## [Recorded data]
- - -

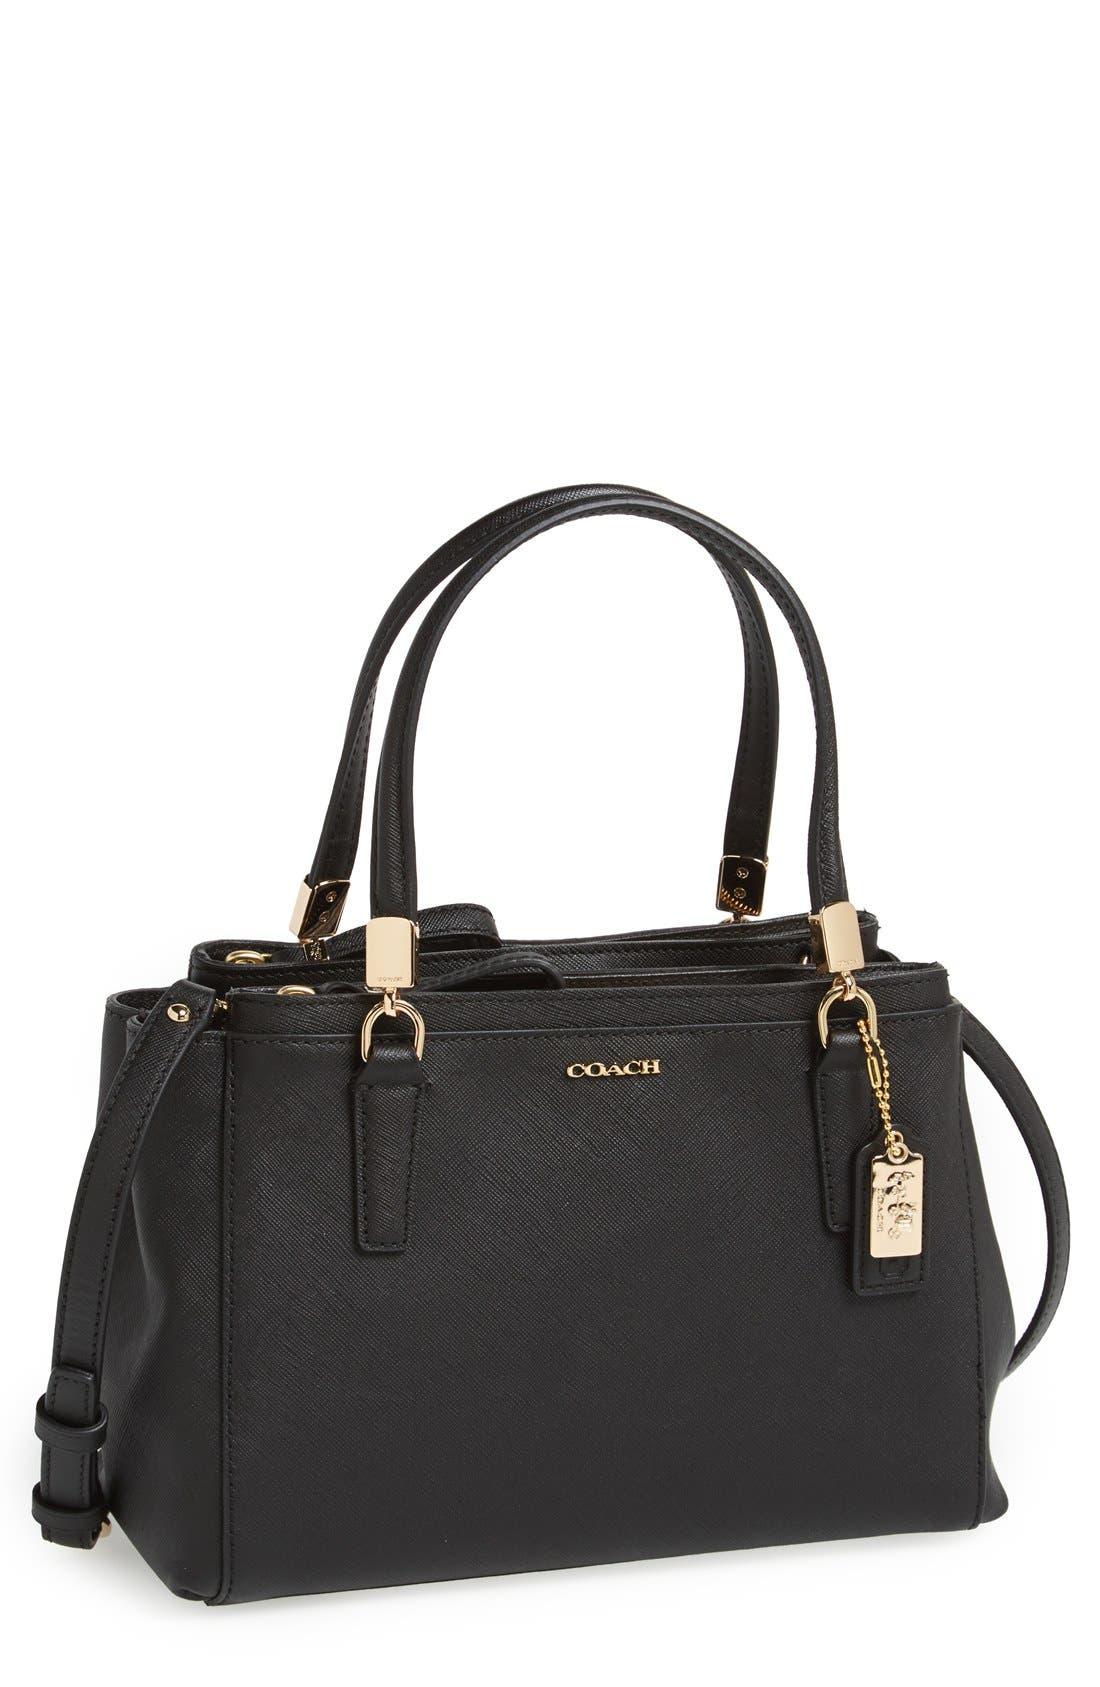 COACH, 'Madison - Mini Christie' Saffiano Leather Satchel, Main thumbnail 1, color, 001
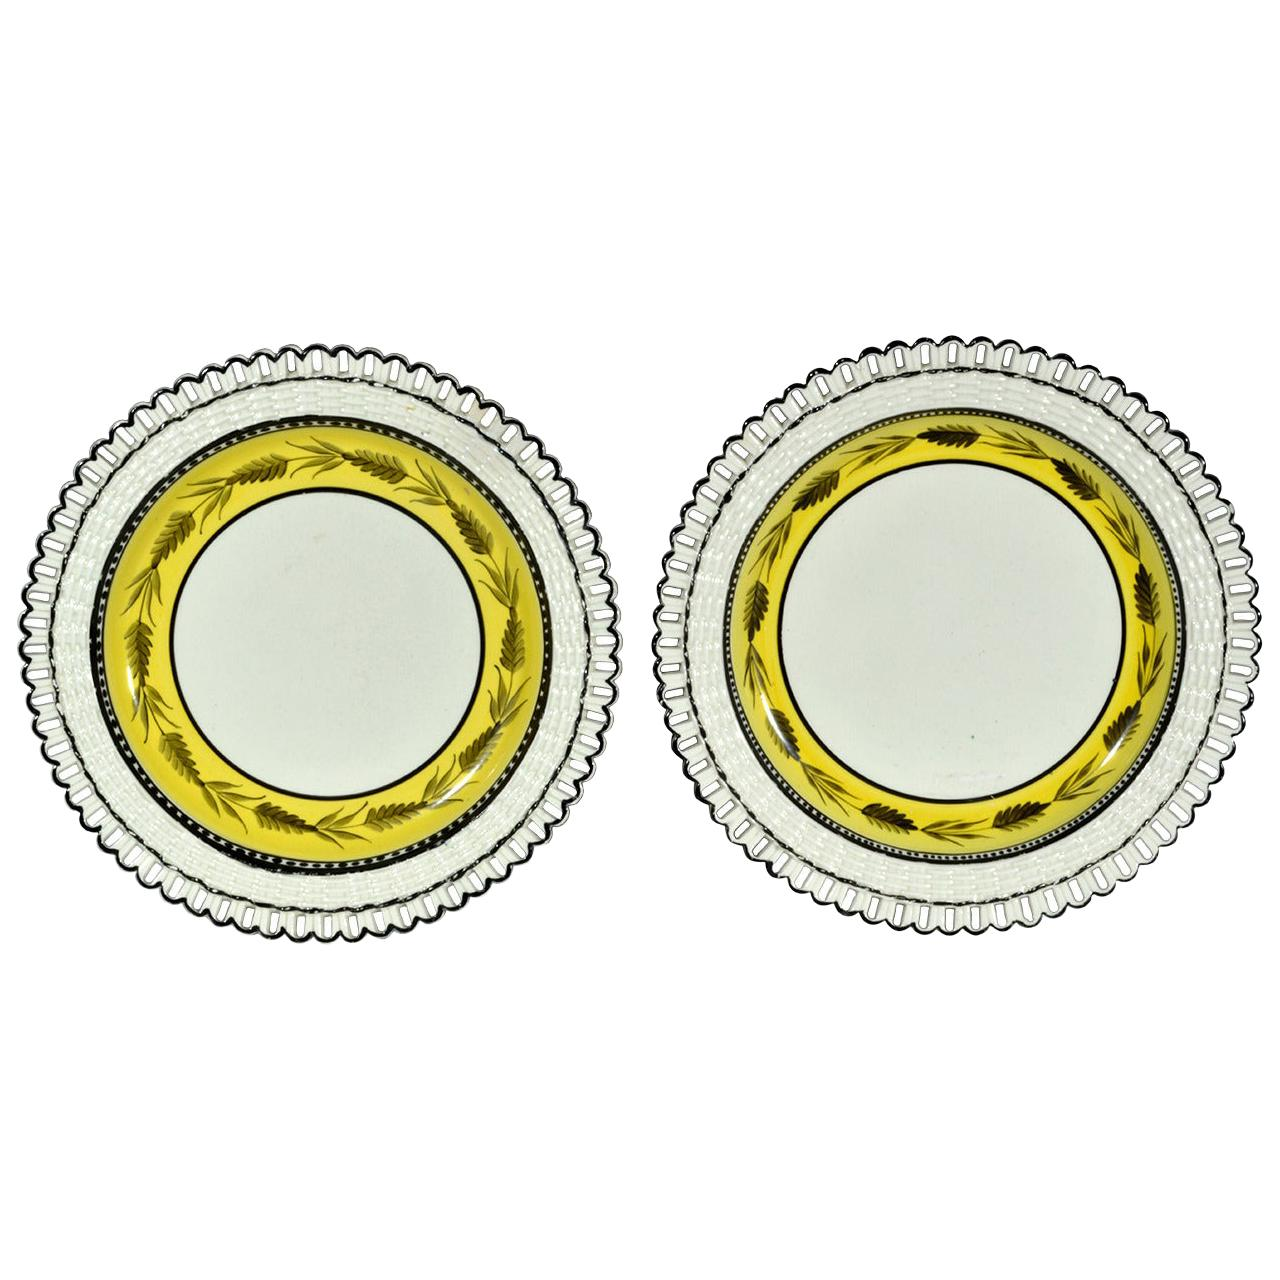 Liverpool Herculaneum Yellow-Banded Openwork Creamware Dessert Dishes
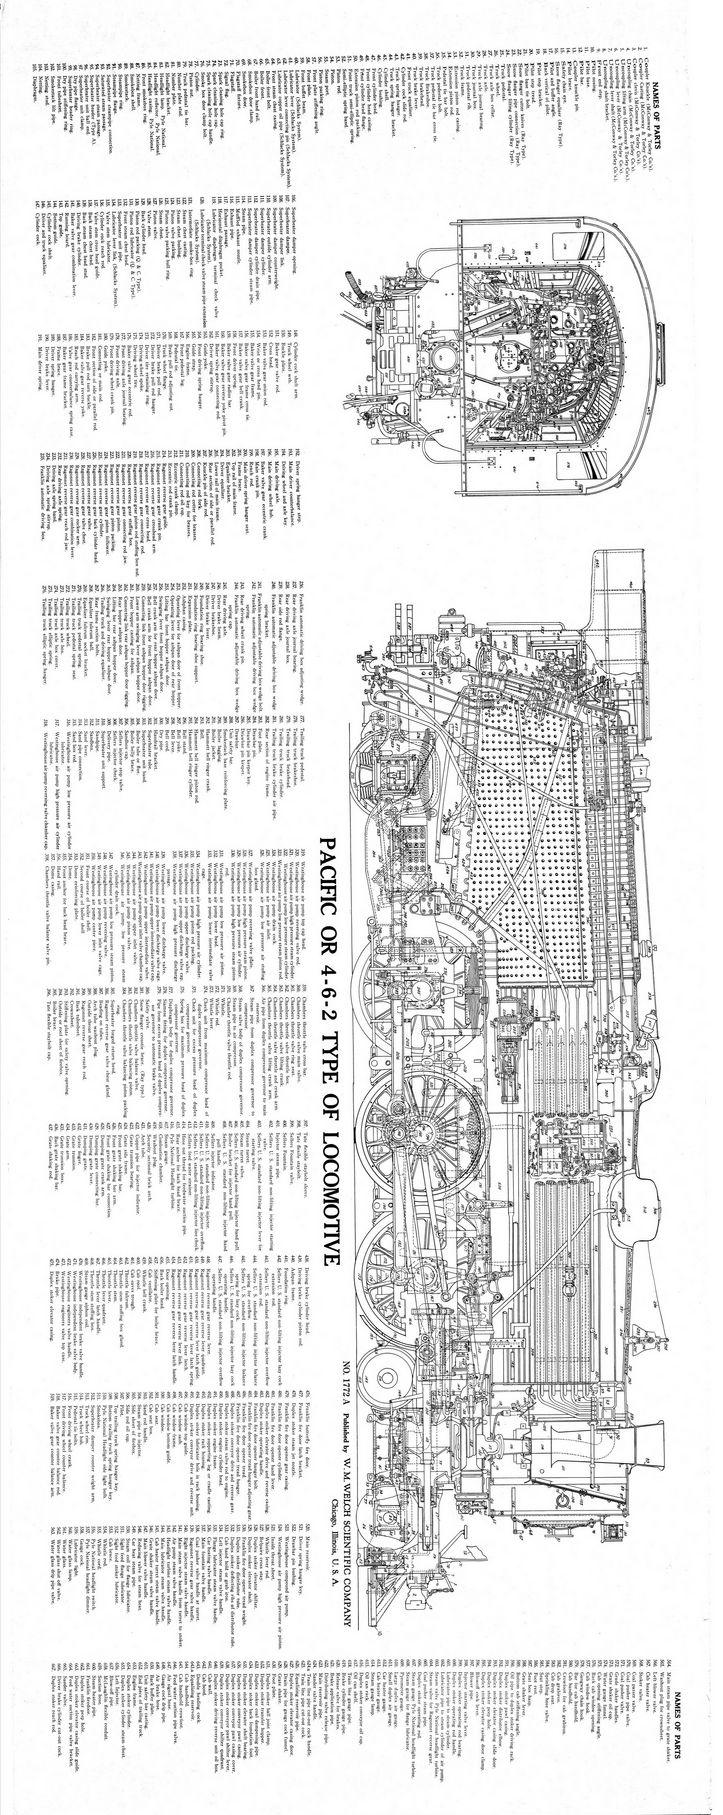 A Fine Locomotive Schematic, 1928 | Null Entropy Locomotive Schematic on crane schematics, machine schematics, electrical schematics, space schematics, computer schematics, forklift schematics, vehicle schematics, motorcycle schematics, clock schematics,

- - -

## [Task to complete]
Pictures are to be omitted. Print exactly the lines from the line containing "Liverpool Herculaneum Yellow-Banded" through the final line of the material above, both included.

## [Your solution]
 Liverpool Herculaneum Yellow-Banded Openwork Creamware Dessert Dishes
 A Fine Locomotive Schematic, 1928 | Null Entropy Locomotive Schematic on crane schematics, machine schematics, electrical schematics, space schematics, computer schematics, forklift schematics, vehicle schematics, motorcycle schematics, clock schematics,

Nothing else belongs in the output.